= Cognitive immunization =

Rejecting information misaligned with one's beliefs

Cognitive immunization refers to the psychological process of rejecting information that is misaligned with one's existing beliefs. Instead of updating beliefs when presented with new information, those who exhibit cognitive immunization will instead preserve their assumptions about themselves and the world.

Cognitive immunization is primarily studied in clinical psychology, often in conjunction with major depressive disorder and generalized anxiety disorder.

== Clinical relevance ==
Aaron T. Beck, a pioneer in cognitive behavioural therapy, first theorized that depression is rooted in negative beliefs about oneself. Many cognitive theories, as a result, propose that biased negative beliefs are a mechanism that perpetuate depression.

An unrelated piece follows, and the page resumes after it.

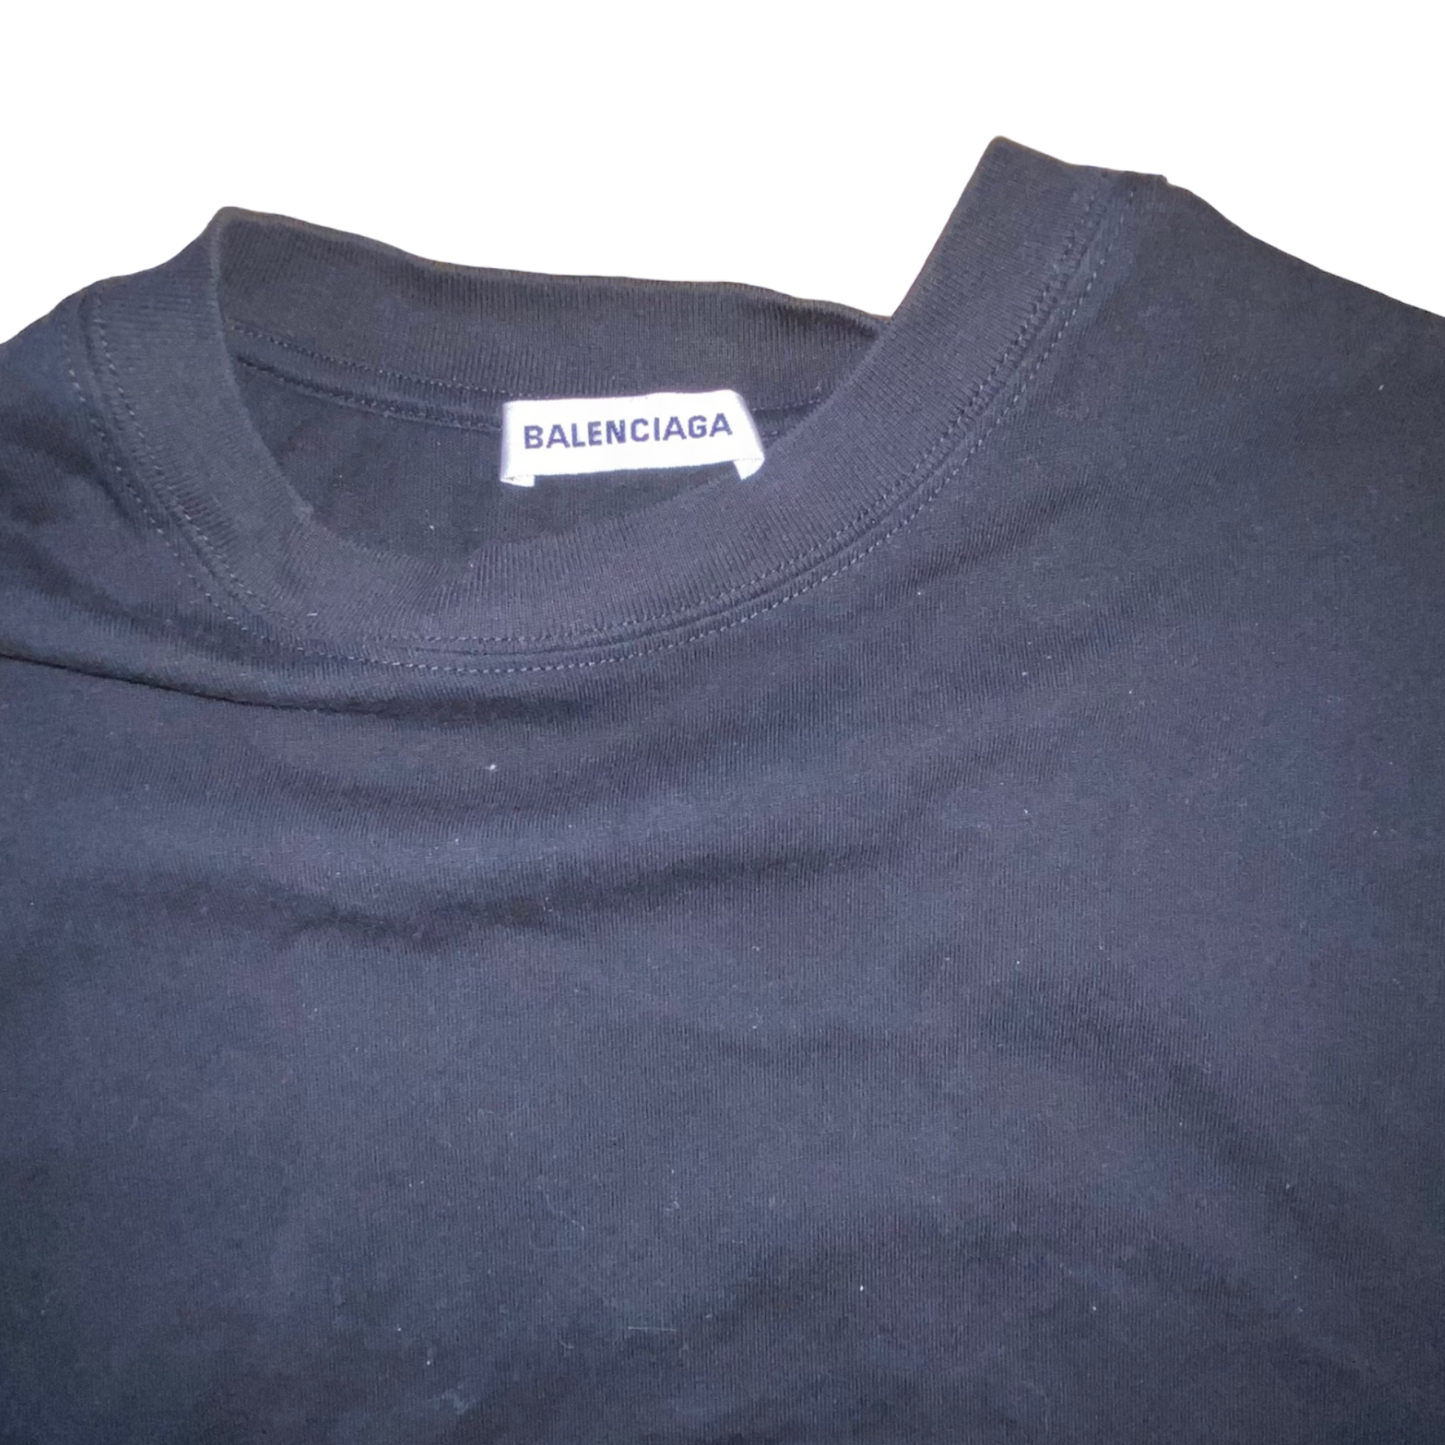 Balenciaga - I Love Techno Black T-Shirt

Studies have since found that those with major depressive disorder, or similar disordered thinking patterns, are more likely to use cognitive immunization to disregard positive information in favor of maintaining their negative beliefs. This can result in ongoing negative beliefs about oneself and sustained depressive episodes.

The relationship between expectations of oneself and cognitive immunization have also been studied in the context of persisting mental disorders. It has been found that those with mental health disorders are more likely to use cognitive immunization to reject positive expectations of themselves than those without mental health disorders. This indicates that the inhibition of cognitive immunization is an important mechanism to target in therapeutic intervention.

In this context, Expectation-Focused Psychological Interventions (EFPI), or therapy that tests the credibility of a patient's expectations, can be an impactful tool for those who exhibit cognitive immunization. EFPI allows therapists and practitioners to test the beliefs of those with depression or anxiety and to potentially correct any instances of cognitive immunization.

== Mechanisms and cognitive models ==
Cognitive immunization is considered a maladaptive cognitive process that rejects or dismisses expectation-disconfirming information. This phenomenon can be related to the violEx model, which examines how individuals adjust their expectations in light of new evidence.

According to this model, when an individual rejects novel information in favor of maintaining outdated or biased beliefs, they are cognitively immunizing themselves against disconfirming information.